Not to be belligerent but if you’re reading this blog, and you’re a gossipy bitch, I won’t understand it if you come at me with – “he was so inappropriate”.
He was exactly as we wanted him to be.
He did not care.
And he said the sh-t you want him to say. He said the sh-t YOU would say. That The Tourist is a joke. That certain Scientologists are GAY and frauds. That Bruce Willis is indeed Ashton Kutcher’s father. That Charlie Sheen is a mess. I mean… in a room full of the fakest of the fakes, people who have perfected the art of backstabbing, cheating, and lying, why wouldn’t you delight in Ricky Gervais calling it as it is?
It’s the Golden Globes after all. Where bribery is the magic word. And you expected him to “respect the occasion”?
Well… didn’t he?
But where was Justin Timberlake?
Working or sulking?

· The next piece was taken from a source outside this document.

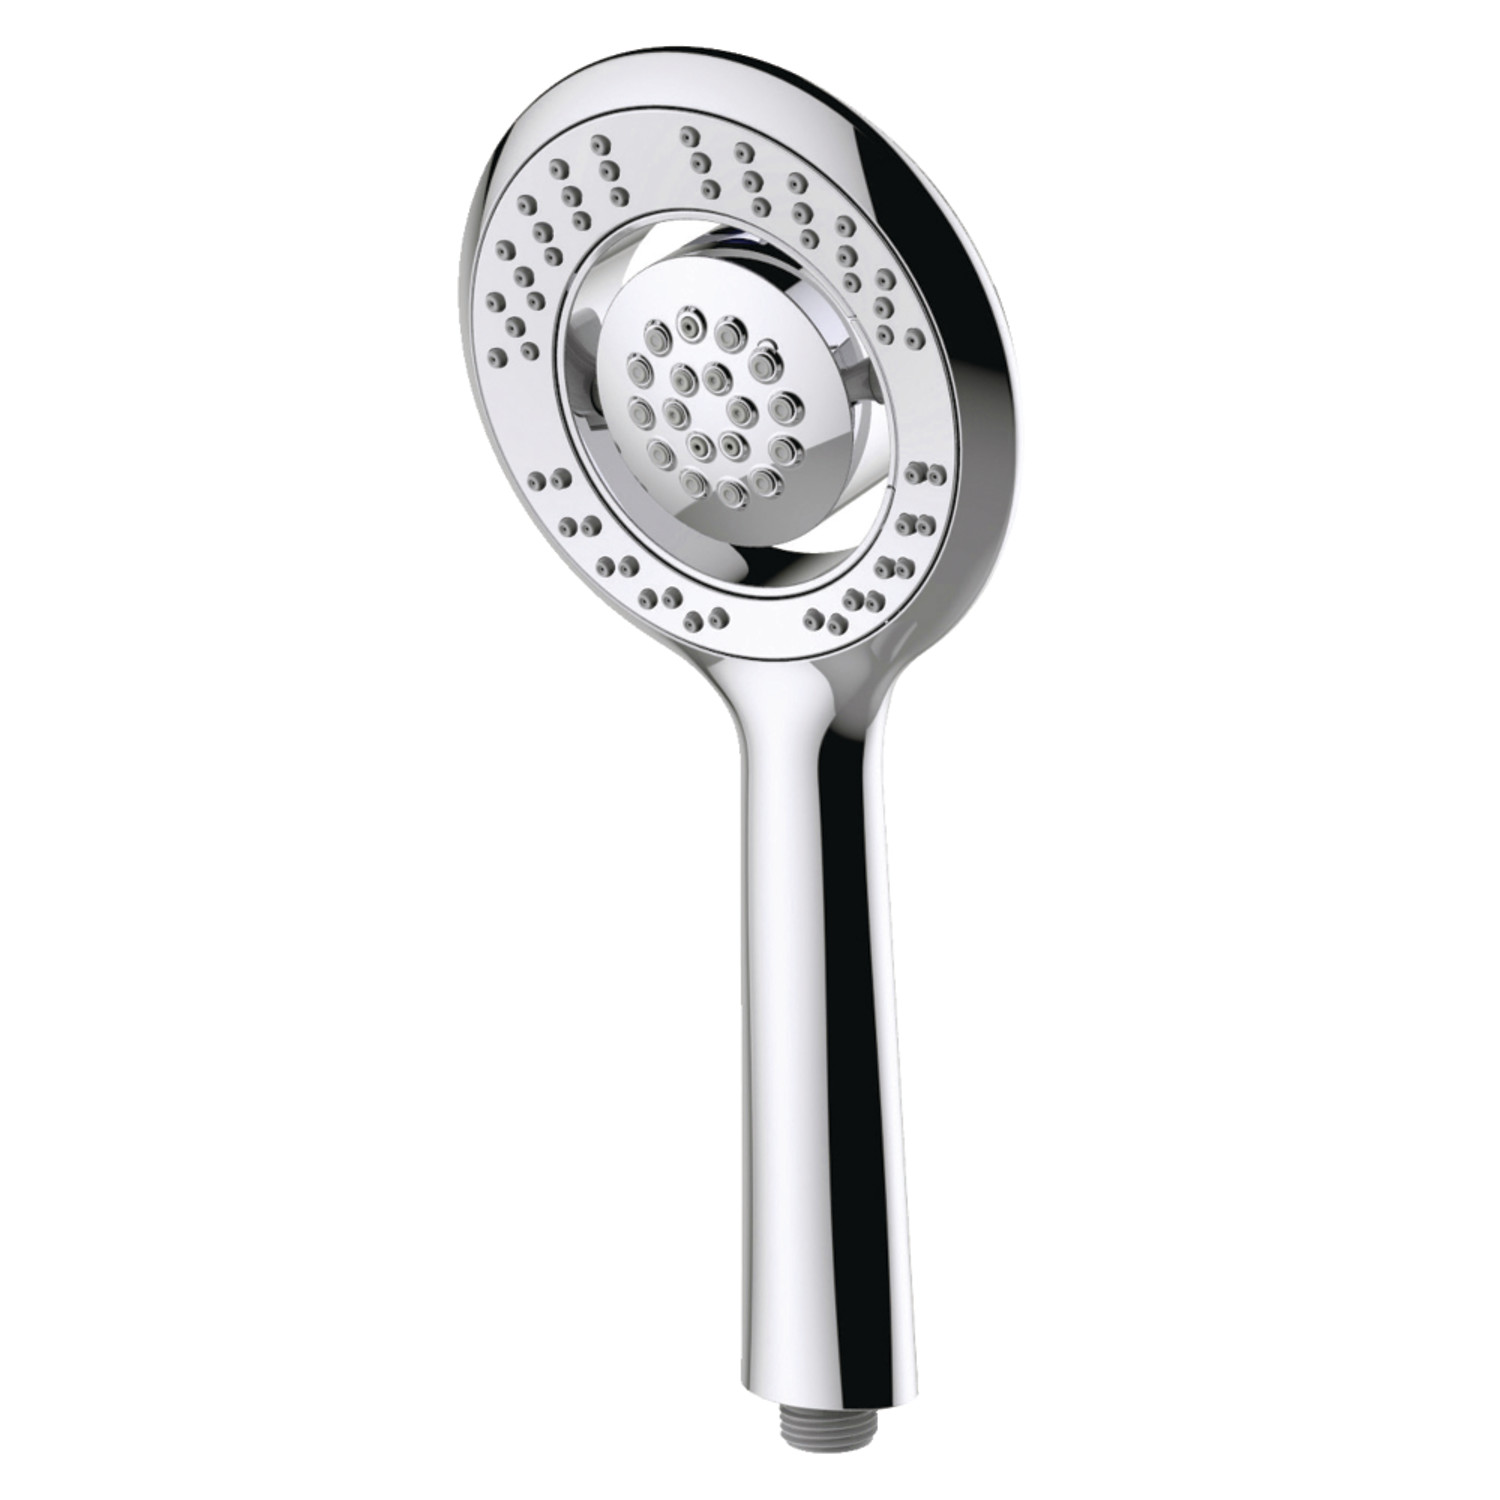 Kingston Brass KXH441A1 Shower Scape 4-Function Hand Shower, Polished Chrome - image 1 of 2
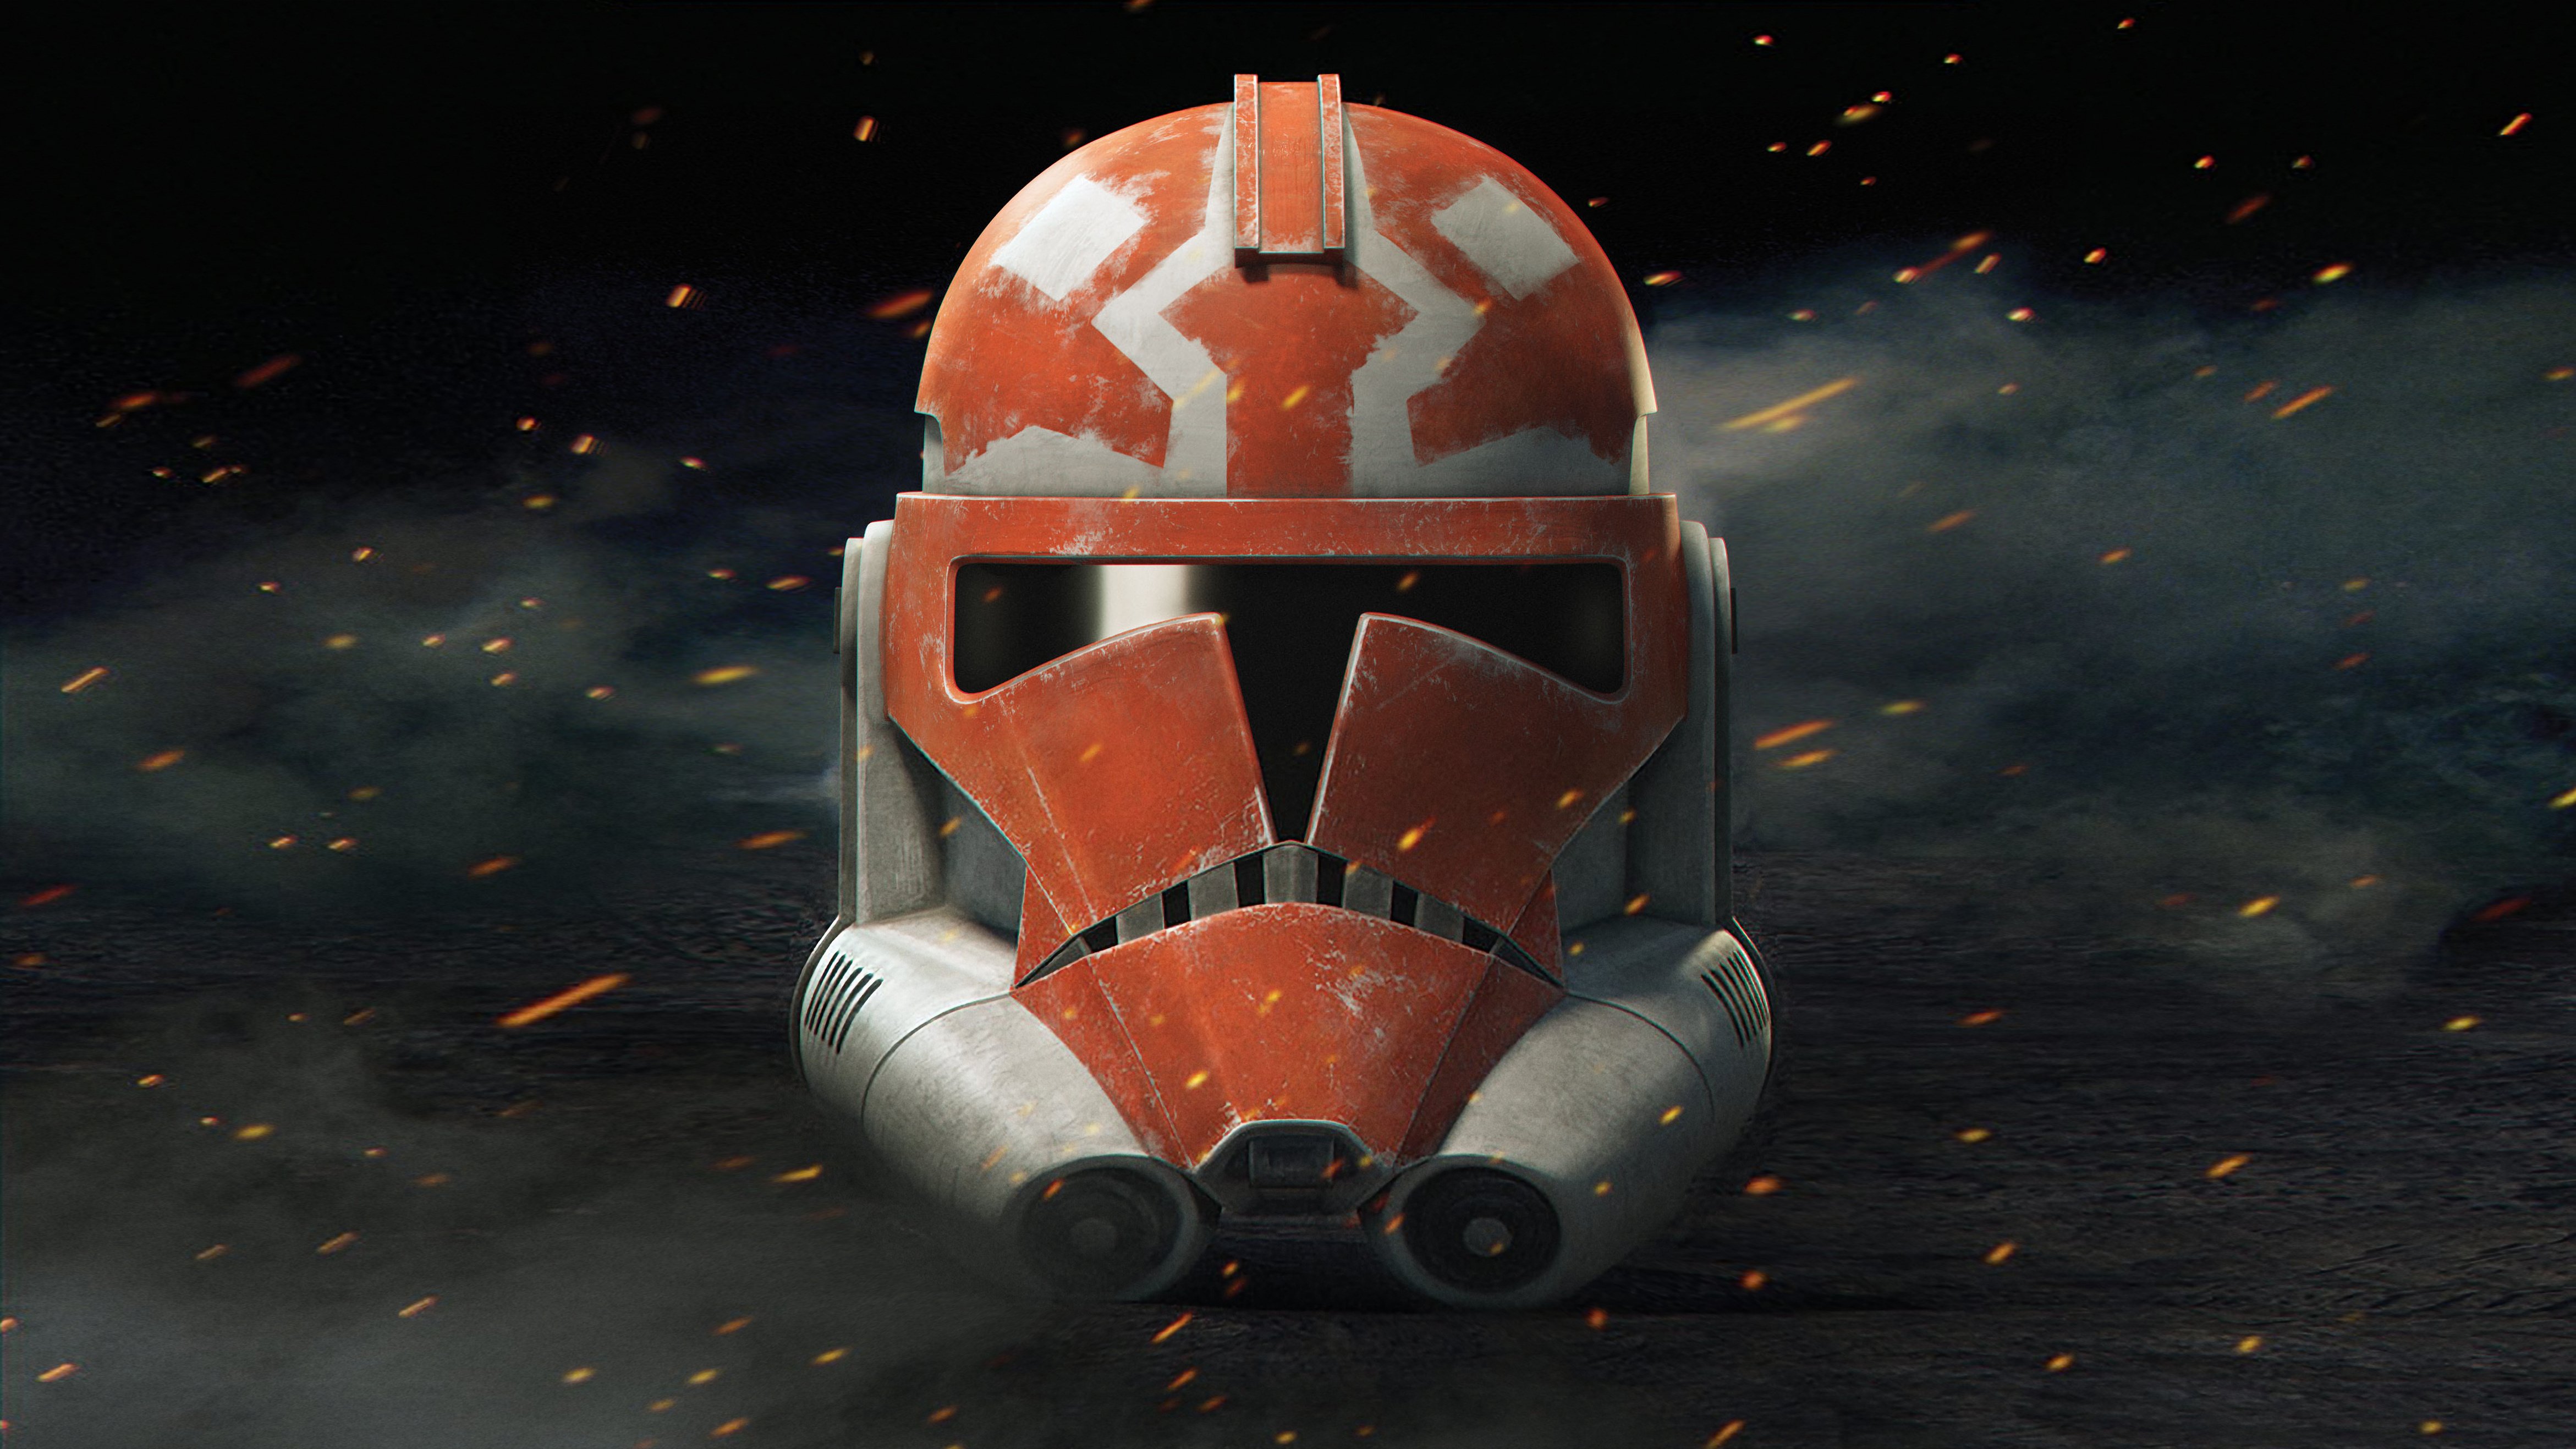 Trooper 4K wallpaper for your desktop or mobile screen free and easy to download

Let me guess – he graciously did not want to take any attention away from his costars.
As for the style selections of the night, as already noted, there were gifts, so many gifts, so many putrid, horrifying gifts. Shockingly bad. Which means, for us, hilariously good. No doubt we will disagree. And I look forward to reading you yelling at me in my inbox. But by and large, I’m sure we can all come to the consensus that there was more suck than gold. Let’s to it then, shall we?
It’s a new world. I finally know now why the hate for Natalie Portman.